Park worked at Mount Anthony in Bennington, Vermont until the end of 1900, when he returned to Scotland to marry and take up the post of General Manager at Huntecombe, his brother Willie's enterprise in Oxfordshire.

== Argentina ==
By 1903, Park went to Argentina where golf was not new, there were already six courses and an amateur championship had been contested since 1895, and served as a professional. He won the country's first Argentine Open in 1905, a feat he repeated in 1907 and 1912, and laid out a course in Buenos Aires at San Andrés, in 1907. His wife, Grace, a formidable player over many years, was the country's first Ladies' Open champion.

== Later years ==

Park was reported as "newly returned from South America" when he competed in the Scottish Professional Championship in May 1914. In February 1915, he enlisted in the Royal Army Medical Corps and served as a private with the 73rd Field Ambulance in France until his discharge in May 1919.
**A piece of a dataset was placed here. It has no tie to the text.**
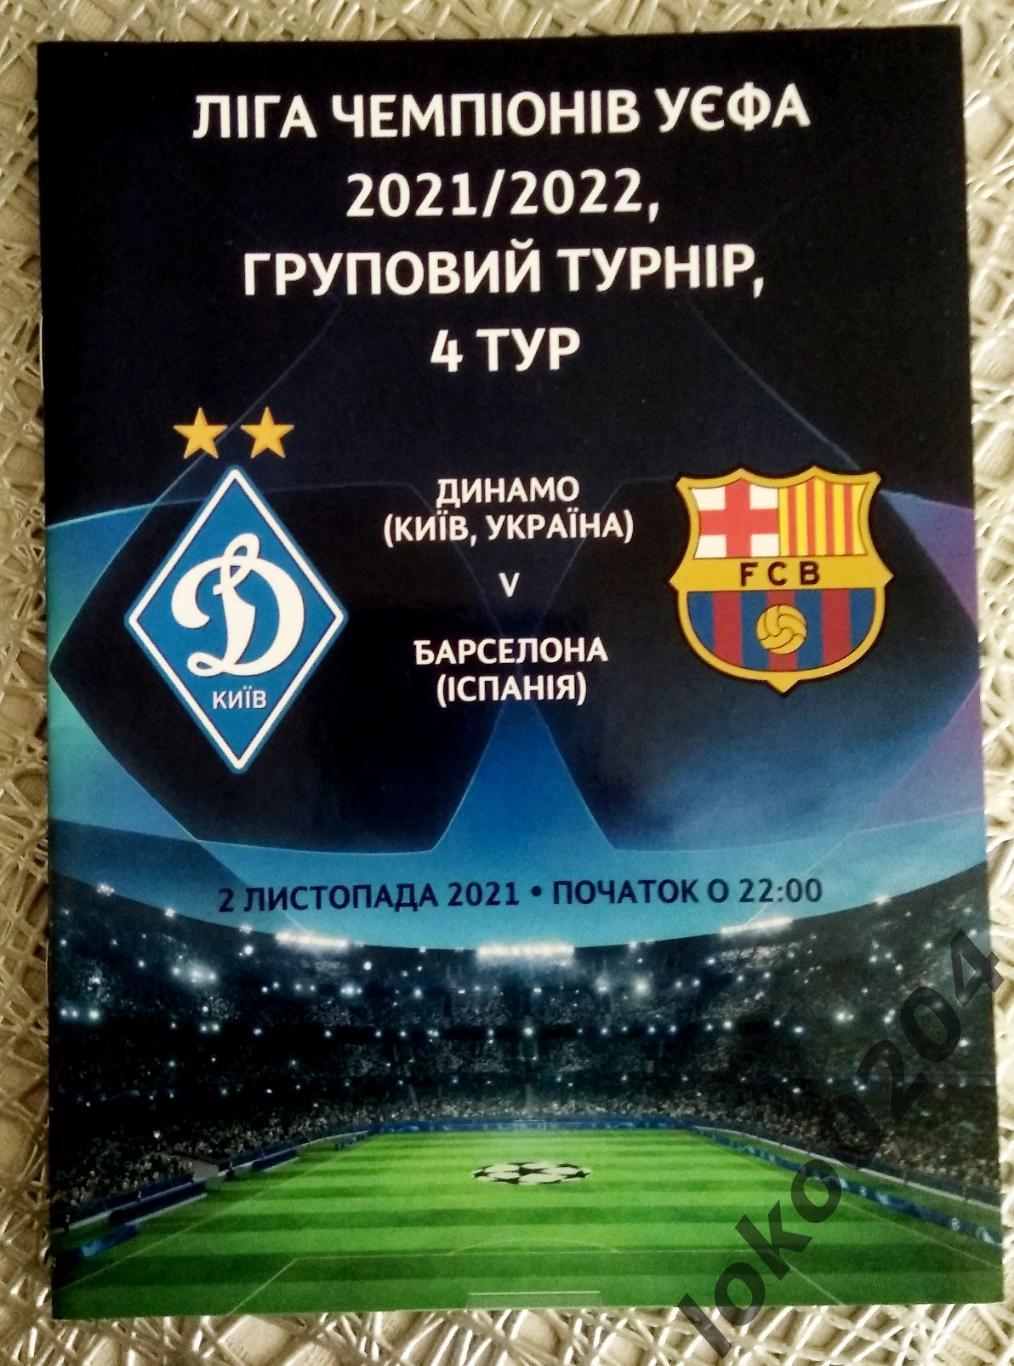 ДИНАМО Киев - БАРСЕЛОНА, 2021, Еврокубковый матч.

After the war, he returned to Argentina and again to the United States in 1923 to complete the work done by Willie, now in failing health, at St Johnsbury Country Club in Vermont.

Although he spent that winter, and the next, in Argentina, Mungo remained in the United States until 1936 with spells as professional at rather eccentric resorts, including the Victorian castle run on Quaker principles at Lake Mohonk, New York, and the Castle Hot Springs resort in Arizona.

== Golf course architect ==
Park built many courses in Argentina, but many have disappeared. The most prestigious of the courses he had built is the San Andres Golf Club in 1907. The course remains active.

== Family ==
Park married Grace Morrison in 1901. They had three children Mungo III, Catherine and Jack. Grace was a useful golfer. In May 1902 she played for Scotland against Ireland and England in international matches at Royal Cinque Ports Golf Club and reached the semi-final of the British Ladies Amateur Golf Championship the following week. She won the Argentine Ladies Open in 1904, 1909 and 1910. Catherine, known as Katie, was also a Scottish international golfer.

== Death ==
He died in Haddington, East Lothian, Scotland on 12 February 1960.

==Results in major championships==

| Tournament | 1894 | 1895 | 1896 | 1897 | 1898 | 1899 | 1900 | 1901 |
|---|---|---|---|---|---|---|---|---|
| U.S. Open | DNP | DNP | DNP | DNP | WD | DNP | DNP | DNP |
| The Open Championship | WD | DNP | 41 | DNP | DNP | DNP | DNP | CUT |

Note: Park played only in The Open Championship and U.S. Open.